Output the data word for word, dropping every image.

(Data Opens)

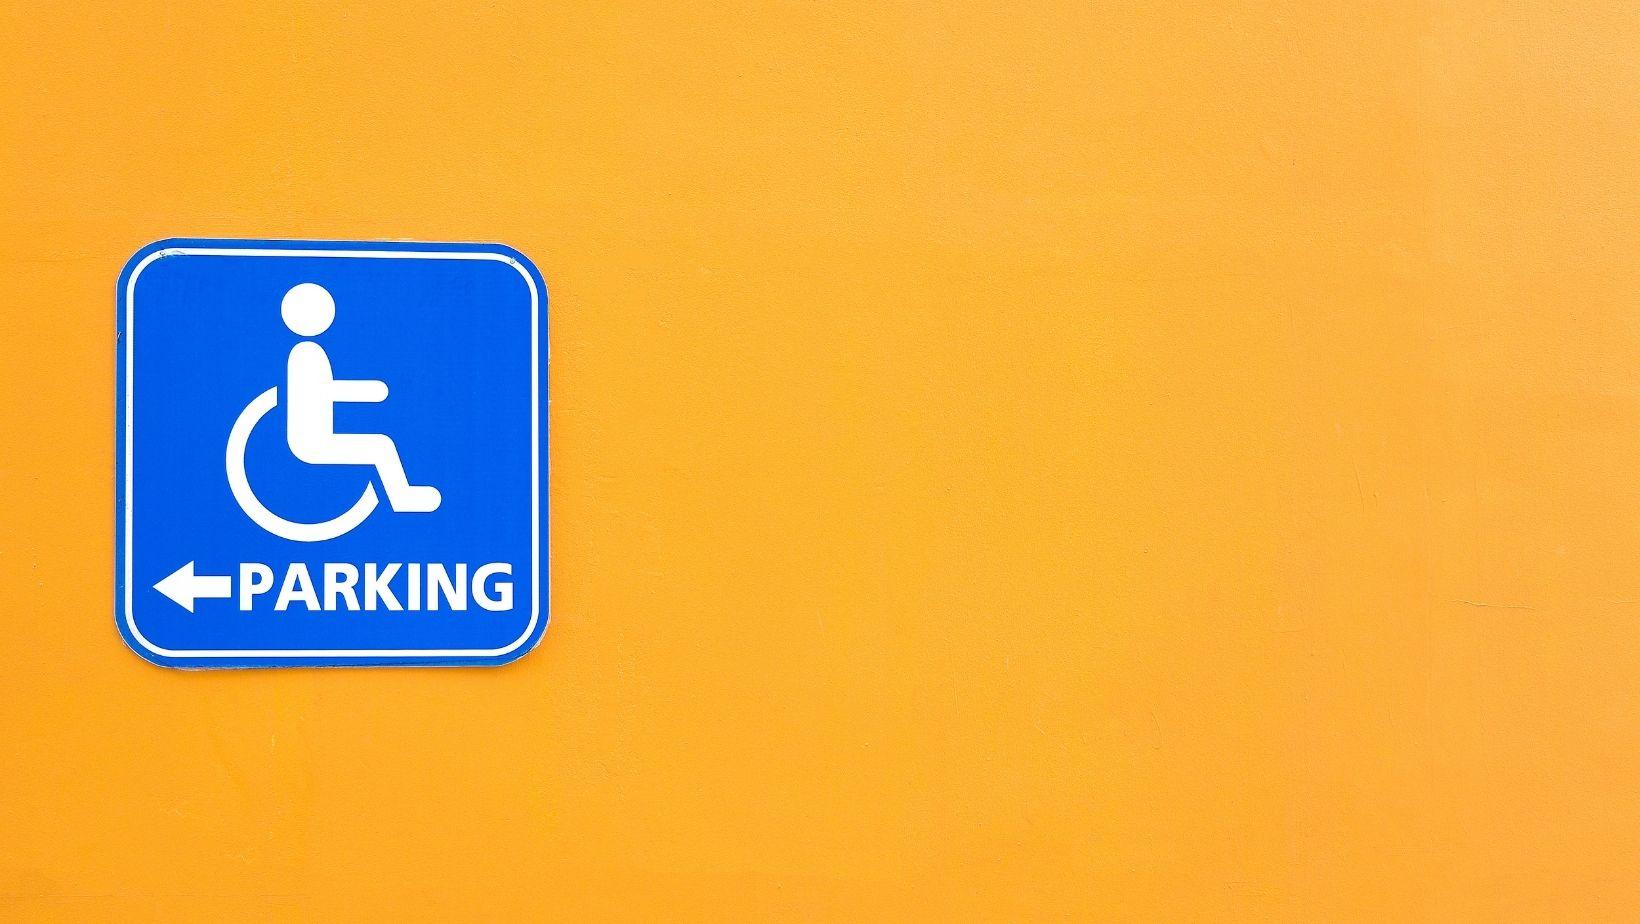 Bruxelles : emplacements réservés aux PMR pour le stationnement
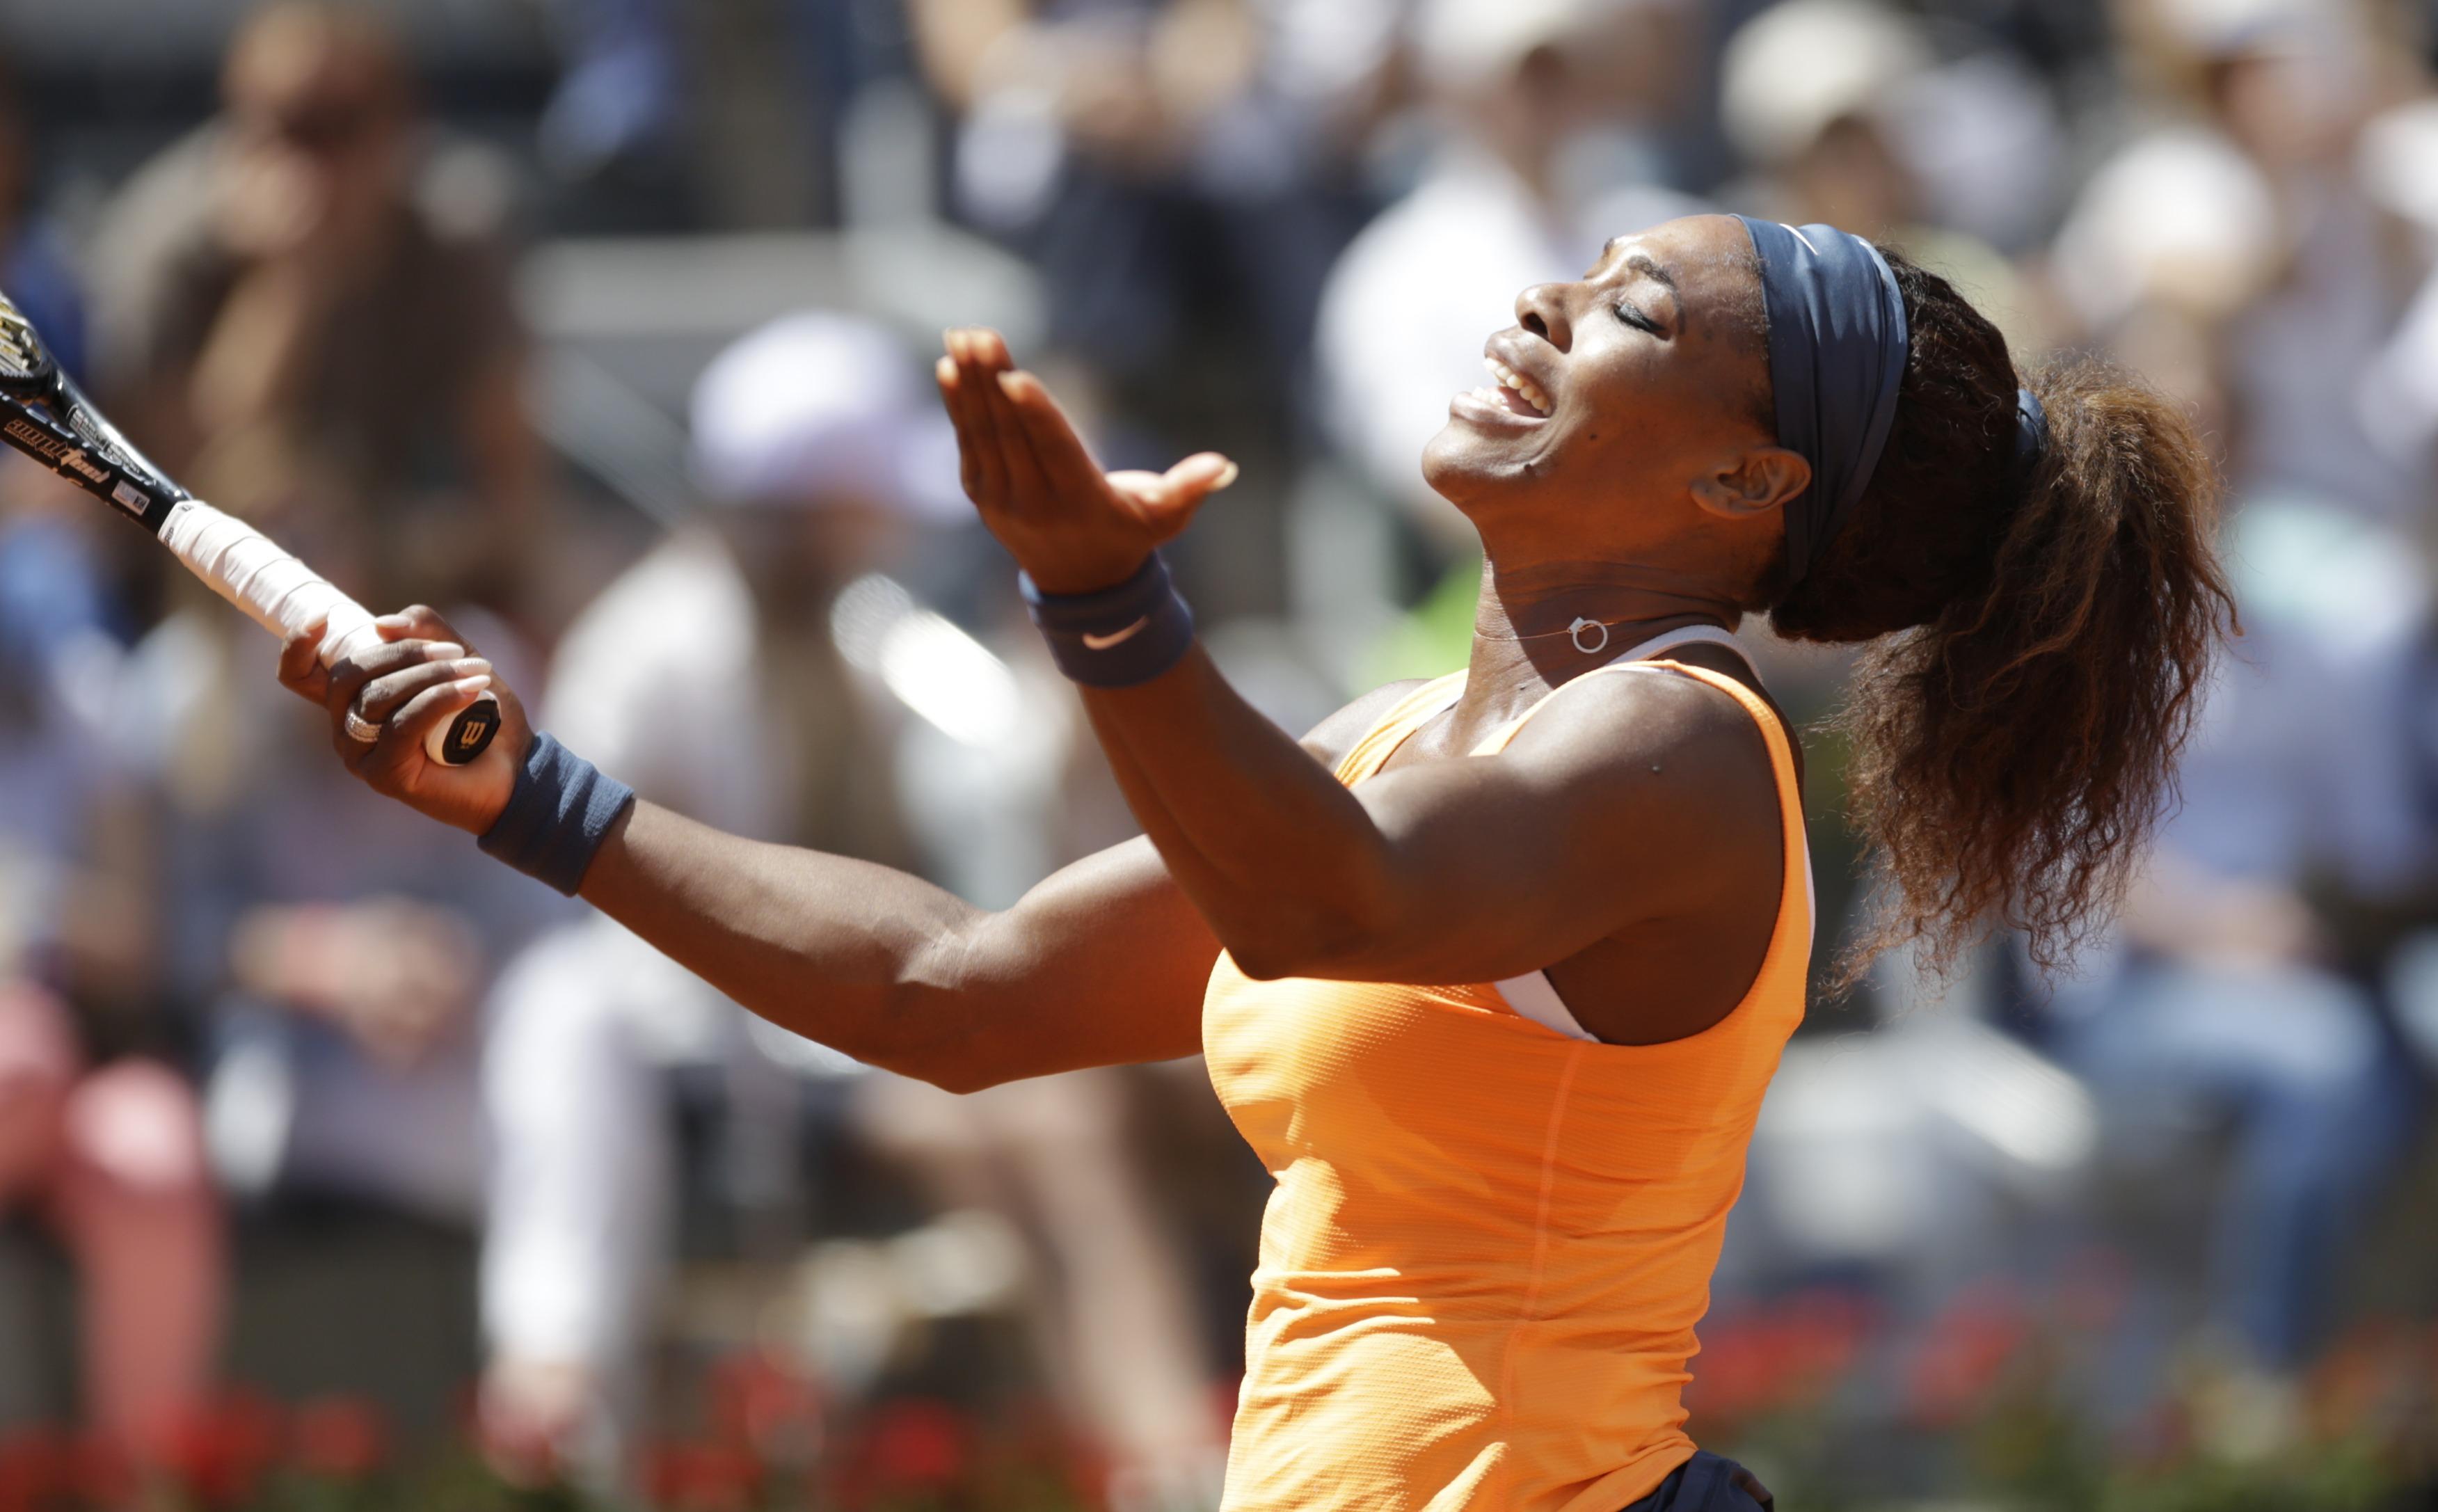 Серена Уильямс выиграла Мастерс в Риме
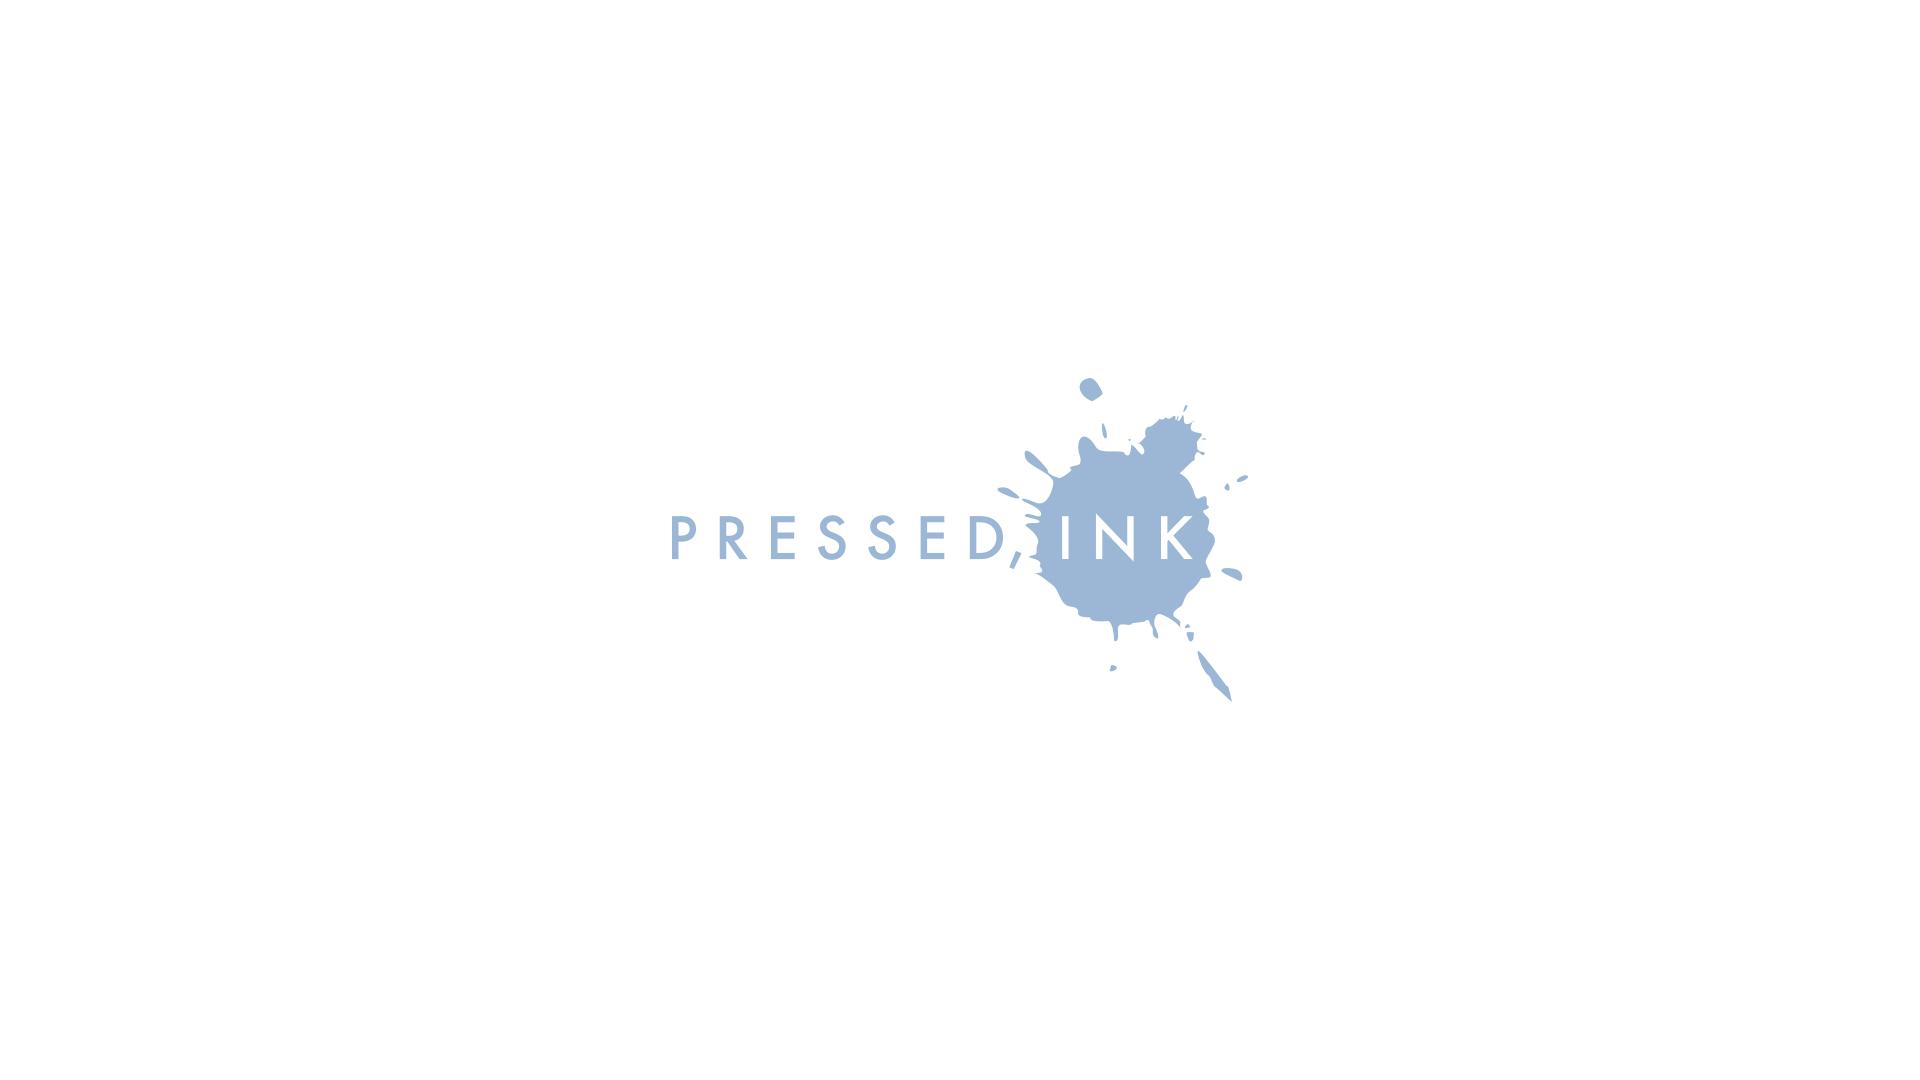 id-pressedink

(Data Closes)

- Response:
 Bruxelles : emplacements réservés aux PMR pour le stationnement
 Серена Уильямс выиграла Мастерс в Риме
 id-pressedink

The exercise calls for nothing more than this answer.